# Truassets e-mail



## DYERDOG (Mar 30, 2015)

Just received this e-mail today, stating this "Moving forward I would like to stop paying Trip Charges for Work Not Performed at a property. This is especially true of our grass cuts. I have attached a memo for your review. There should always be an opportunity to complete some work at a property ensuring that you are making more than a trip charge.

If you believe the work to be over the standard rate I need you to call from site with photos to justify. I have attached our most recent employee phone list. I recommend that you print this out and keep it in your vehicle. If you get an approval over the phone or an extension on the order please make sure that the employee providing this places a job note in the order.

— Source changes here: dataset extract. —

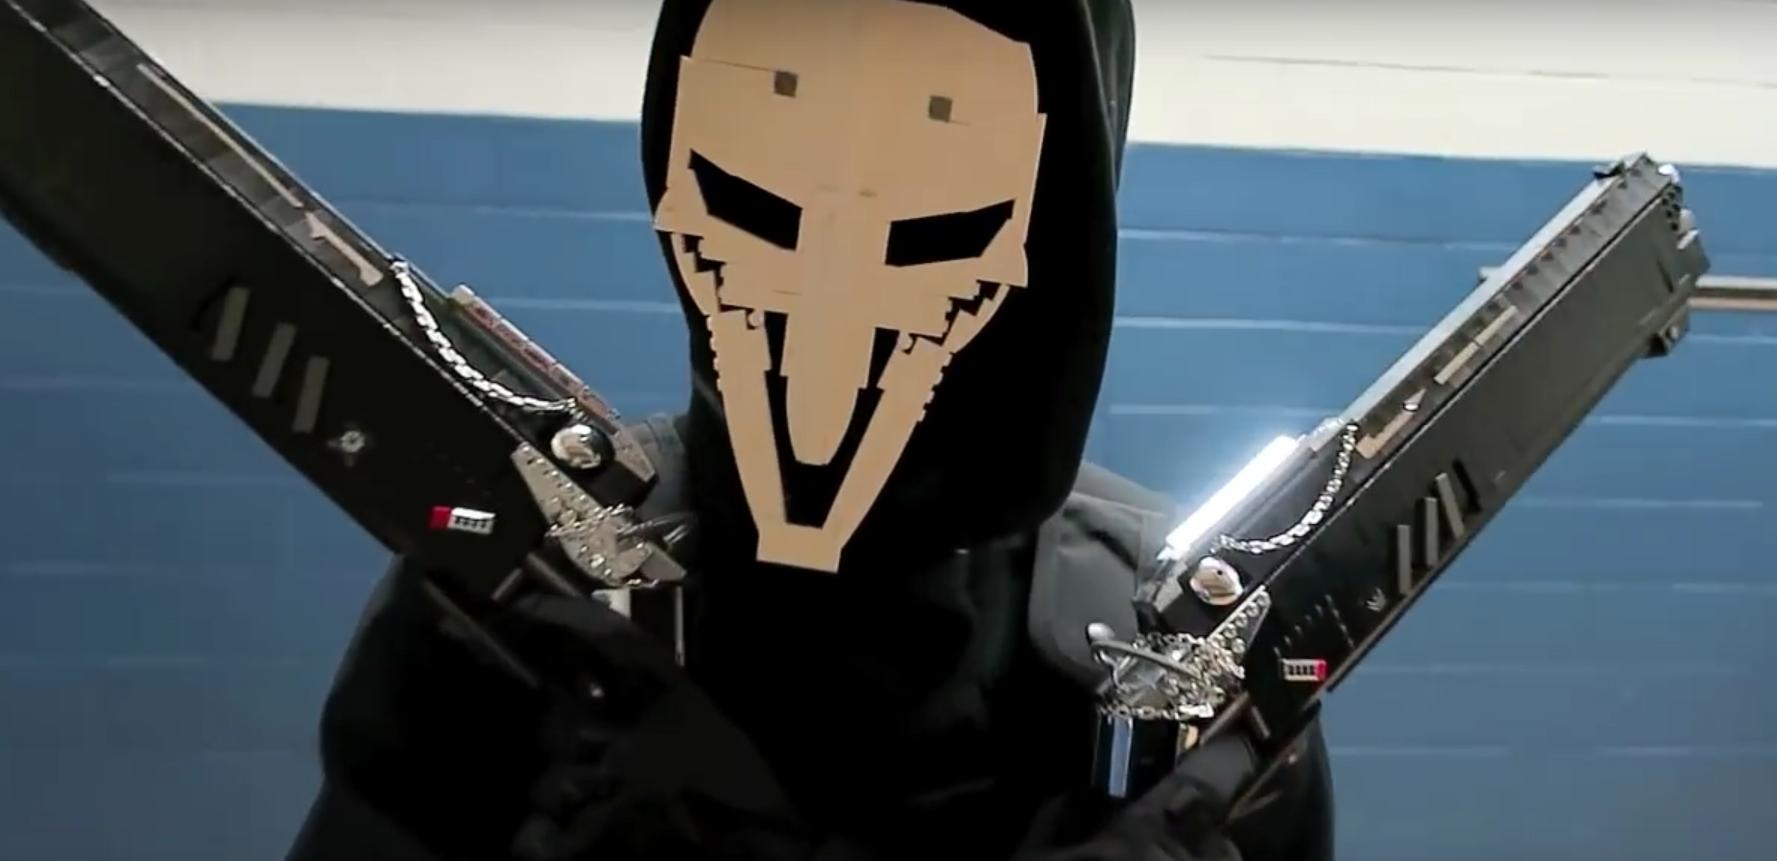 Overwatch: Zu schön zum Wegwerfen – Reapers Shotguns aus LEGO

Finally, for those that are doing work outside of your normal coverage area please make sure that 1.) There is a job note with any agreed trip charge from myself or someone in our office and 2.) Call our office before leaving so that the work may be reviewed. I cannot pay another trip charge if you don’t complete the order and are sent back." Don't think I will work for this company.


----------



## NCnewbie (Aug 6, 2014)

#1 I would be very cautious on completing work with only a verbal acknowledgement. I'd ask for an email spelling out what was agreed on.
#2 Sounds like a company is going broke and trying to save every penny they can, I'd start working my way away from them as quickly as possible. 
#3 it also sounds like they may have pre-approved items such as wint refresh you could be doing to make some money while you're there instead of only a trip fee. Hard to say without knowing more but that's how it reads to me.


----------



## All Island Handy (Dec 12, 2012)

THE POINT OF THE TRIP CHARGE IS IF NO WORK IS COMPLETED!!!!! HOW MANT TIMES HAVE THEY SENT YOU TO A PROPERTY FOR A "PROPERTY CONDITION CHECK"? .........IM BETTING WAY MORE TIMES THAN YOU CAN GET AWAY WITH A WINT REFREASH:whistling2::whistling2:.........ALSO I KNOW FOR FACT THEY ARE BILLING THOSE TRIP CHARGES TO THERE CLIENT AND GETTING PAID FOR THEM........RUN FAR AND FAST THATS MY SUGGESTION. YOU CAN SIT AT THE HOUSE NOT WORKING AND SAVE MORE MONEY THAN YOU WILL MAKE WITH THESE GUYS


----------



## All Island Handy (Dec 12, 2012)

"Moving forward I would like to stop paying Trip Charges for Work Not Performed at a property. This is especially true of our grass cuts. ............................HAHAHA YA RIGHT !!!!! THE LAST 2 WEEKS OF GRASS CUT SEASON YOU WILL SPEND TWICE AS MUCH IN GAS TO GO TAKE PICS OF GRASS THAN YOU WILL MAKE IN A DAY........RUUNNNNNN!!!!!!!!!!!


----------



## melmatrix (Mar 15, 2015)

There full of **** 5.00 trip charge im leaving them very very soon its thAt **** joe medina little ***** **** us out of every penny


----------



## greenscapes16 (Mar 31, 2015)

anyone get grass cuts yet?


----------



## melmatrix (Mar 15, 2015)

I got 4 last night my thing is they cut cyd 8 dollars since last yr they started this ridicuolous late fee i know there running out of money or something then take freajing pics for each order and then lowball us on the bid i wont be with them for very long


----------



## drhuey (Jan 4, 2015)

I got like 15 grass cuts we still under snow


----------



## dirtydeeds (Dec 19, 2013)

I got around 45 last night.


----------



## theppreo (May 13, 2015)

haha that joe medina and shadow are a total JOKE!!! run and RUN FAST!!!


----------